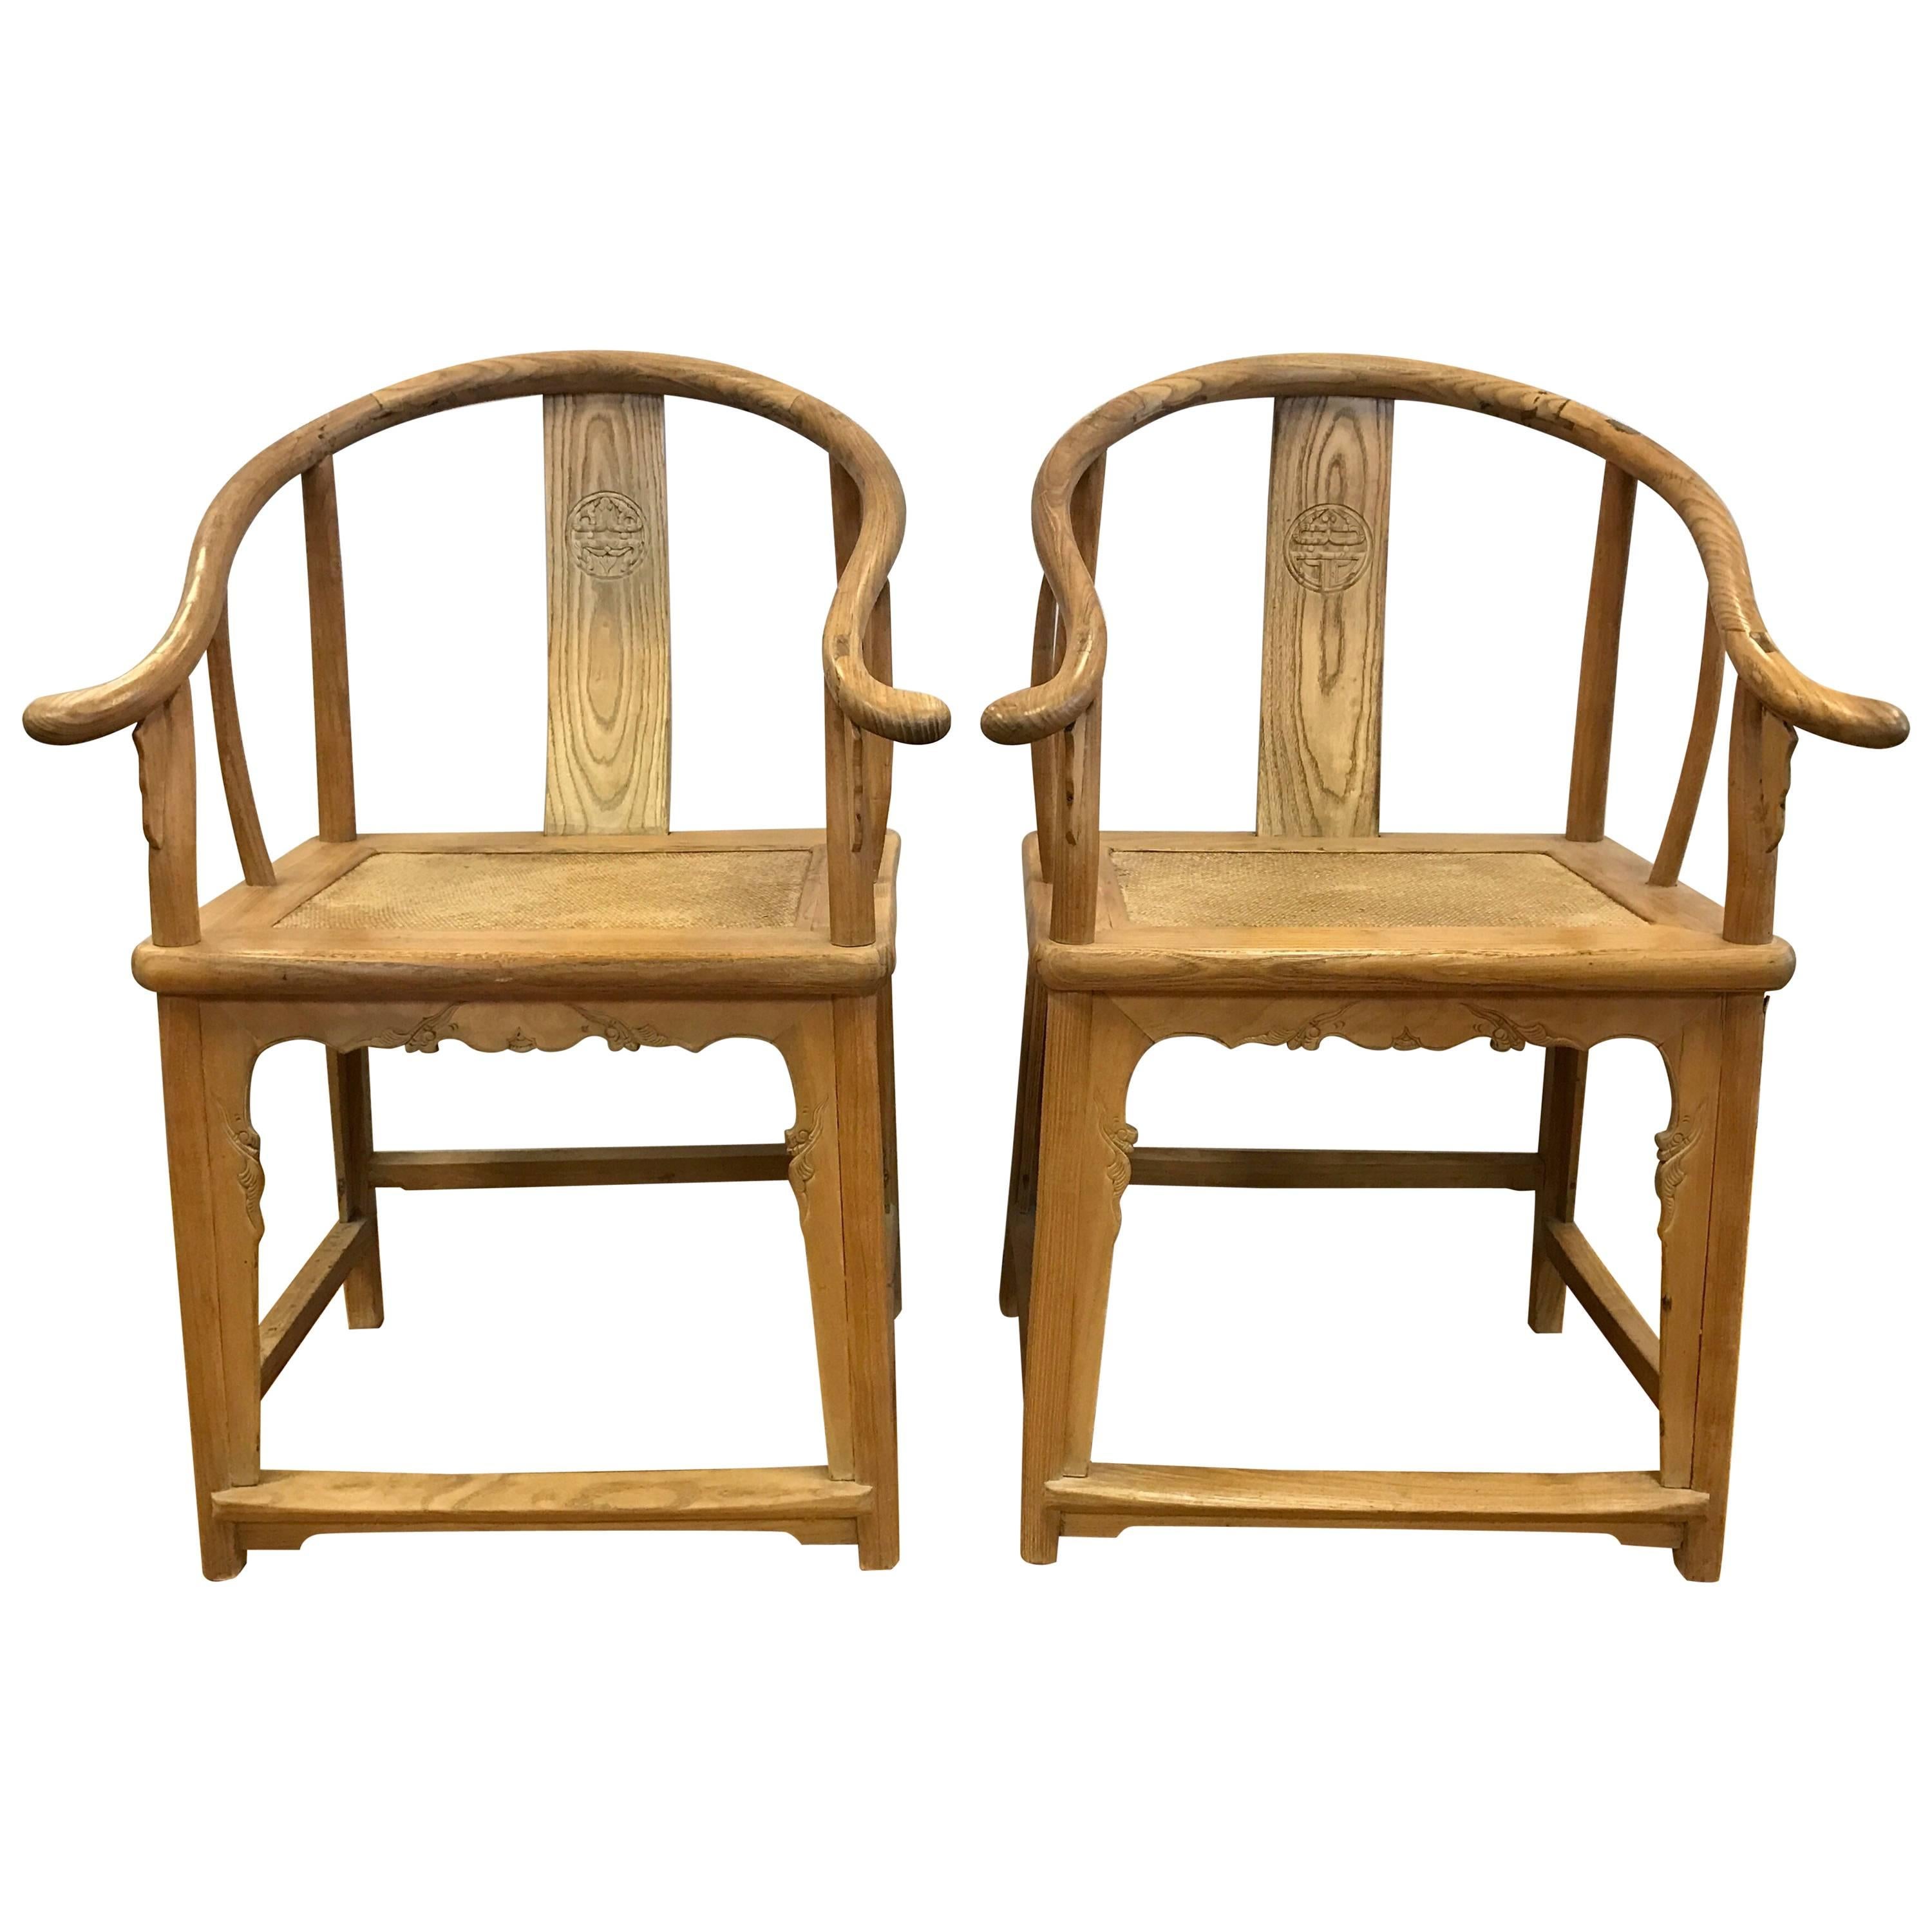 Pair of Antique Chinese Horseshoe Chairs
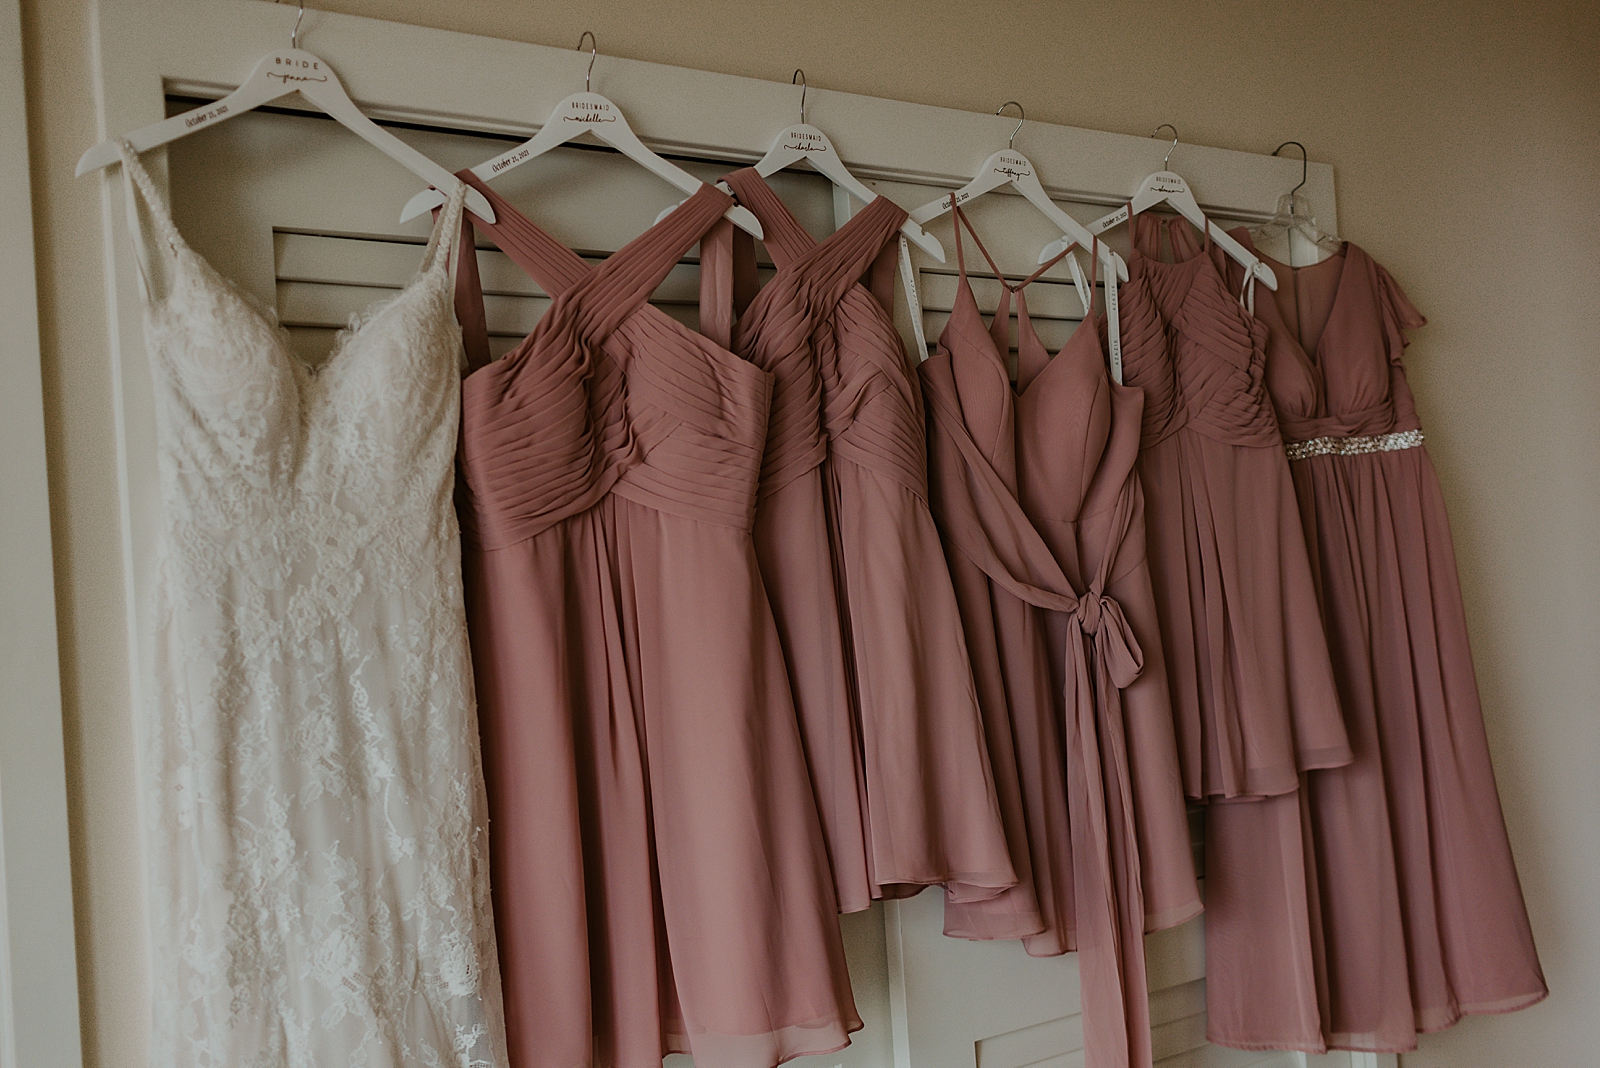 Wedding dress and Bridesmaid dresses hanging together in a row
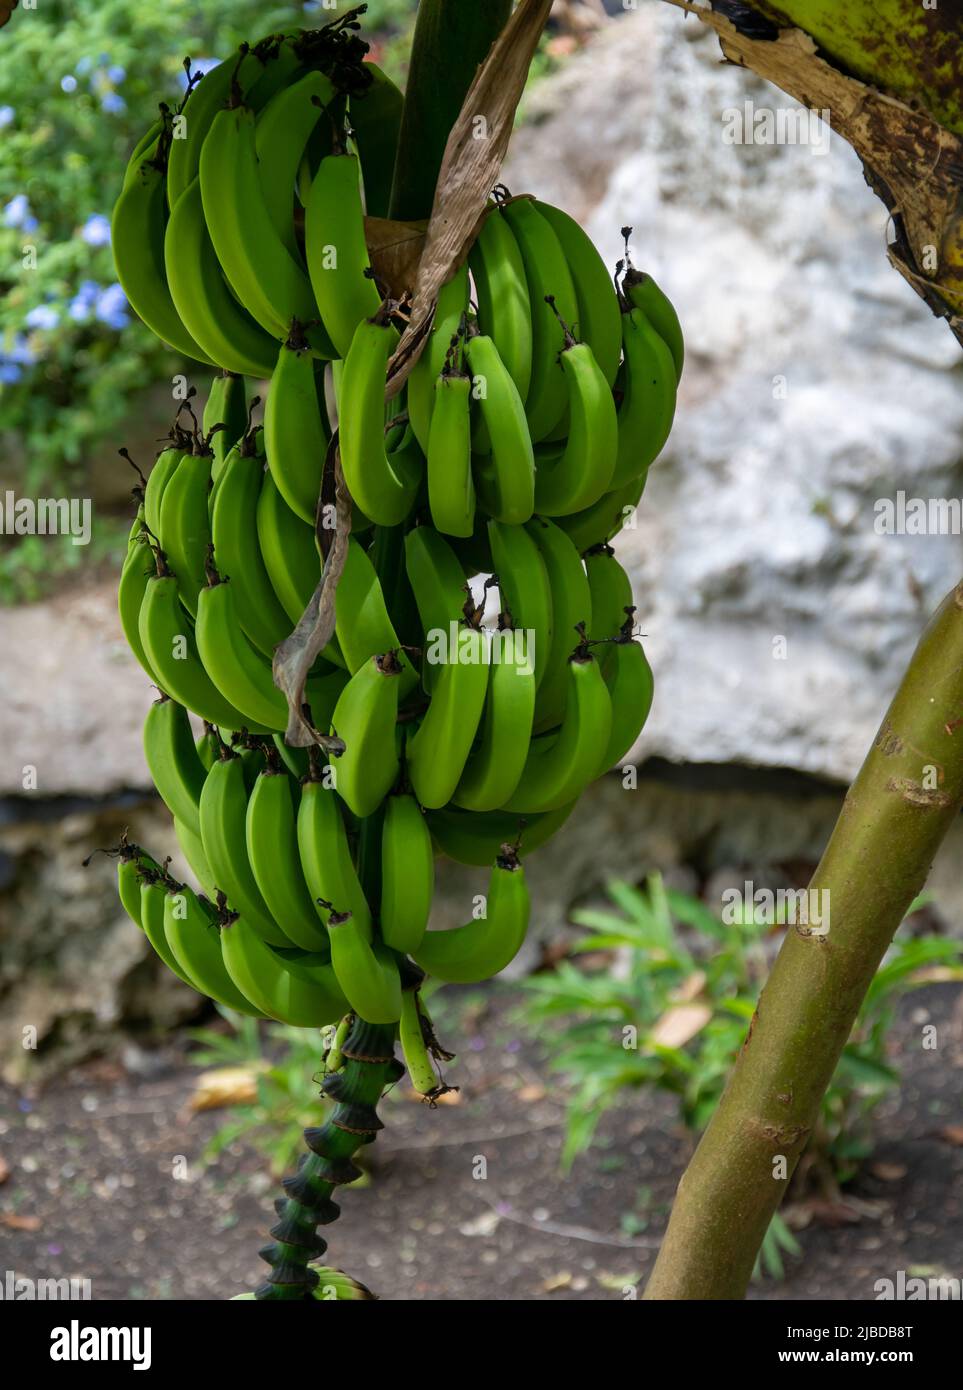 A bunch of bananas hanging from a banana tree Stock Photo

==================================================

• ACTIVITY: Write out the listing above again, exactly, but with no pictures in the copy.

• SOLVED PROBLEM:
 Pair of Antique Chinese Horseshoe Chairs
 Wedding dress and Bridesmaid dresses hanging together in a row
 A bunch of bananas hanging from a banana tree Stock Photo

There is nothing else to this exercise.